I don't understand very complex math (matrices, definitely nope). I am doing this from scratch so that I can better understand it and because there is a certain priority I want to use when picking objects (UI > Entities > Items > Objects > Terrain).

Thank you for your help!

Edit #1: So, I finished the code. Pasted it below so you guys can point out obvious errors in it for me. Or possibly, ways to do this easier. I have a feeling that there's something I'm missing, so...
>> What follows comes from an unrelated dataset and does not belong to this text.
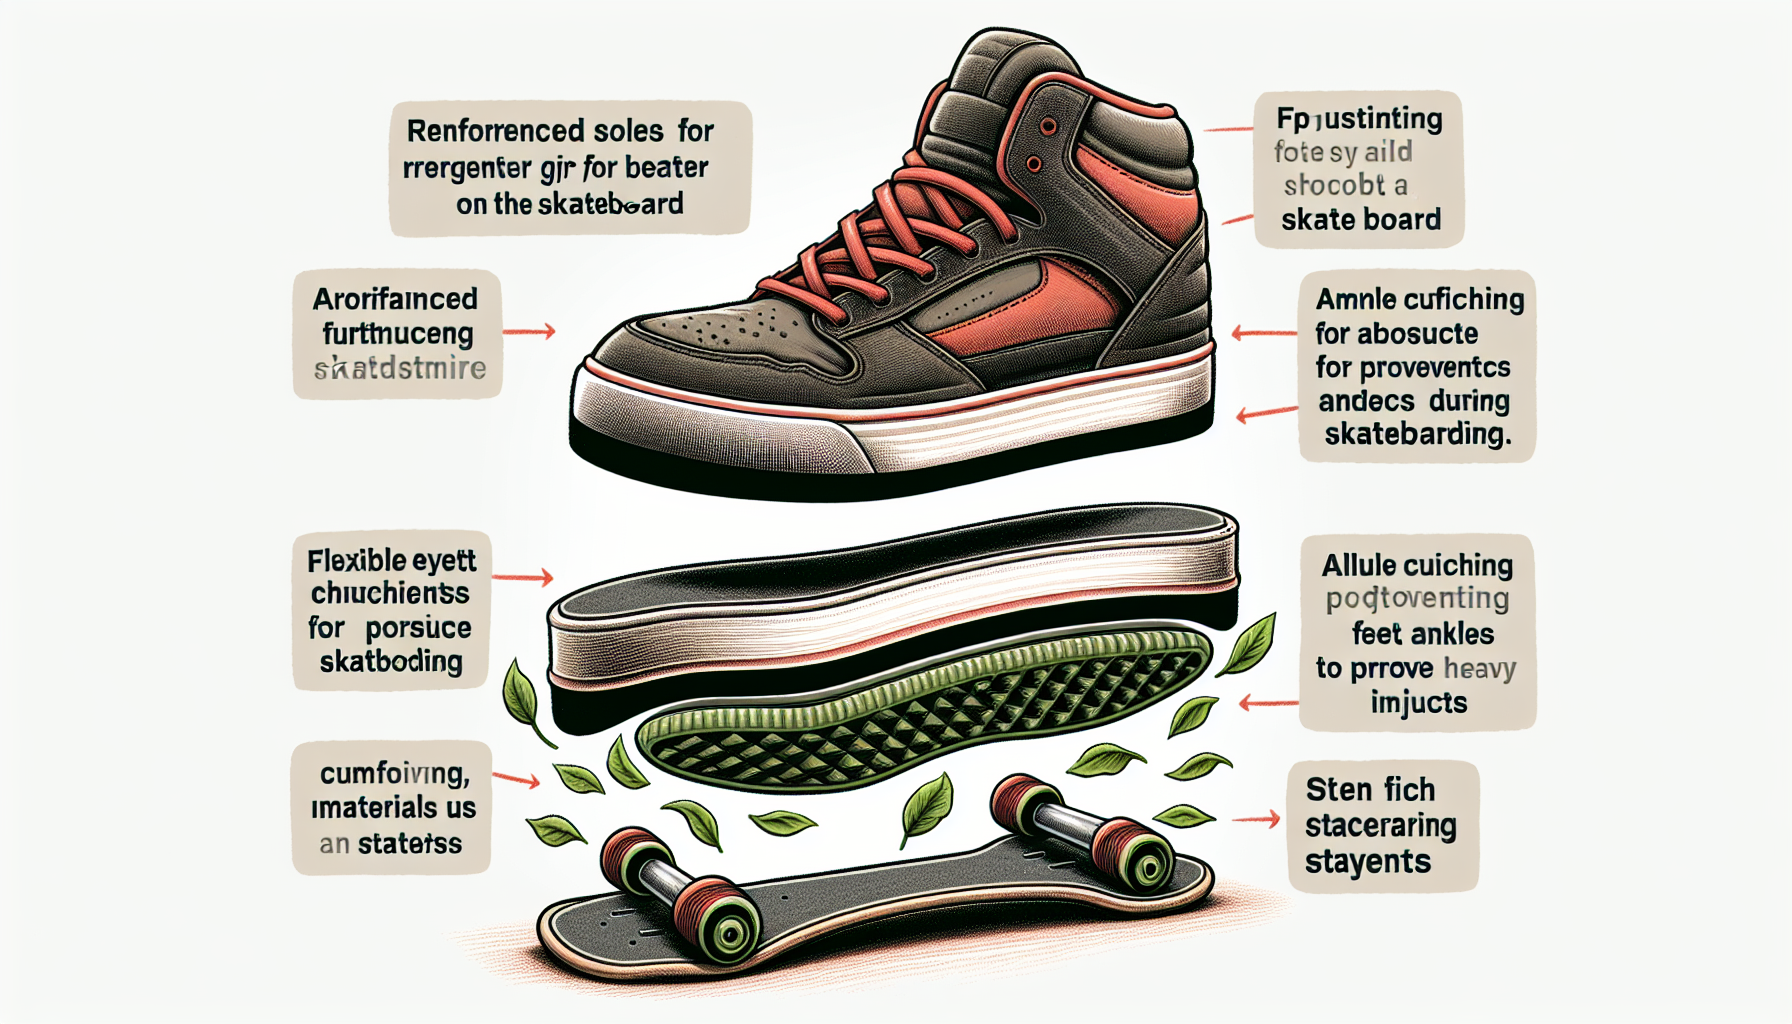 Can You Discuss The Role Of Skate Shoes In Preventing Injuries And Discomfort?
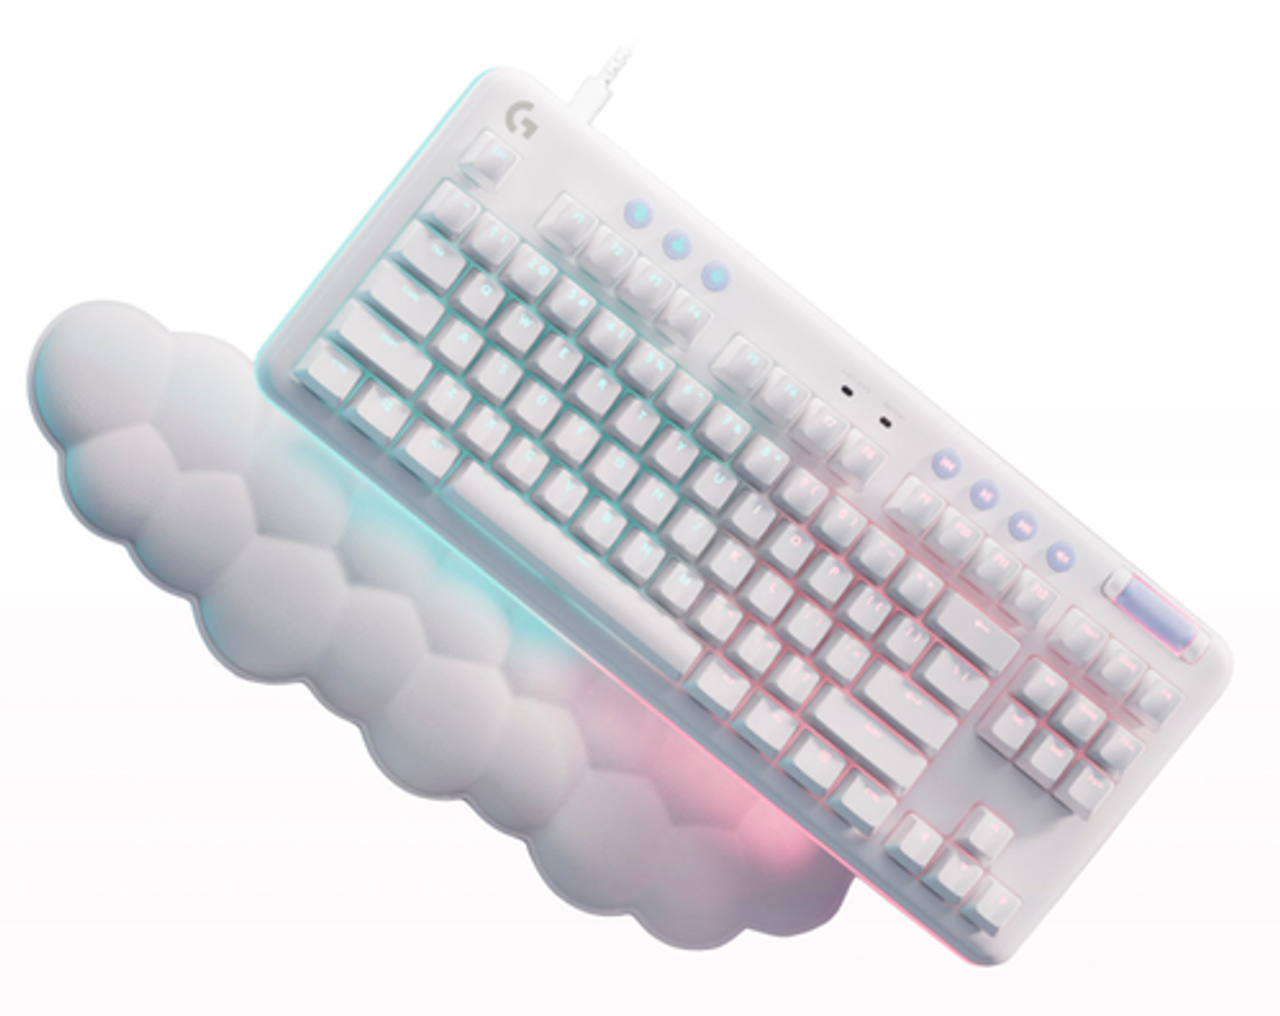 Logitech - G713 TKL Wired Mechanical Clicky Switch Gaming Keyboard for PC/Mac with Palm Rest Included - White Mist

private static int[] getIntersect(Vector3f ray) {       
    int coords[] = new int[4];
    boolean planes[] = new boolean[6];
    Vector3f norm = null;

    Vector3f origin = new Vector3f(Disp.camX, Disp.camY, Disp.camZ);

    // Check which direction the ray is going.
    for (int plane = 0; plane < 6; plane++) {
        if (plane == posxy) {
            norm = new Vector3f(0f, 0f, -1f);
        } else if (plane == posxz) {
            norm = new Vector3f(0f, -1f, 0f);
        } else if (plane == posyz) {
            norm = new Vector3f(-1f, 0f, 0f);
        } else if (plane == negxy) {
            norm = new Vector3f(0f, 0f, 1f);
        } else if (plane == negxz) {
            norm = new Vector3f(0f, 1f, 0f);
        } else if (plane == negyz) {
            norm = new Vector3f(1f, 0f, 0f);
        }

        if (Vector3f.dot(ray, norm) < 0) {
            planes[plane] = true;
        }
    }

    norm = null;
    boolean solved;

    // Calculate intersections

    // First, choose the type of object to find collisions with.
    for (int type = 0; type < 5; type++) {
        solved = false;
        // Next, loop through layers.
        for (int dist = 0; dist < 70; dist++) {
            int pos[] = new int[3];
            float t = 0f;

            // Check for intersections on the planes
            for (int plane = 0; plane < 6; dist++) {

                // Skips calculation if the plane is not in the right direction.
                if (planes[plane] == true) {
                    int axis = 0;

                    // Set the normal to be correct.
                    if (plane == posxy ) {
                        norm = new Vector3f(0f, 0f, -1f);
                        axis = 2;
                    } else if (plane == posxz) {
                        norm = new Vector3f(0f, -1f, 0f);
                        axis = 1;
                    } else if (plane == posyz) {
                        norm = new Vector3f(-1f, 0f, 0f);
                        axis = 0;
                    } else if (plane == negxy) {
                        norm = new Vector3f(0f, 0f, 1f);
                        axis = 2;
                    } else if (plane == negxz) {
                        norm = new Vector3f(0f, 1f, 0f);
                        axis = 1;
                    } else if (plane == negyz) {
                        norm = new Vector3f(1f, 0f, 0f);
                        axis = 0;
                    }

                    // Calculate the point of intersection
                    t = ( dist - Vector3f.dot(origin, norm) ) / Vector3f.dot(ray, norm);
                    ray.setX(t * ray.getX());
                    ray.setY(t * ray.getY());
                    ray.setZ(t * ray.getZ());
                    pos[0] = (int) ray.getX(); 
                    pos[1] = (int) ray.getY();
                    pos[2] = (int) ray.getZ();

                    // Check if there is a collidable item of the type in the coordinates. If is, save the type and coordinates, then break out of the loop.
                    if (isCollidable(pos, type)) {
                        coords[0] = pos[0];
                        coords[1] = pos[1];
                        coords[2] = pos[2];
                        coords[3] = type;
                        solved = true;

                        break;
                    }
                }
            }

            if (solved) {
                break;
            }

        }
        if (solved) {
            break;
        }
    }

    return coords;
}

Edit #2: I actually found something myself. That t needs to be converted to coordinates via p(t)... And it's corrected.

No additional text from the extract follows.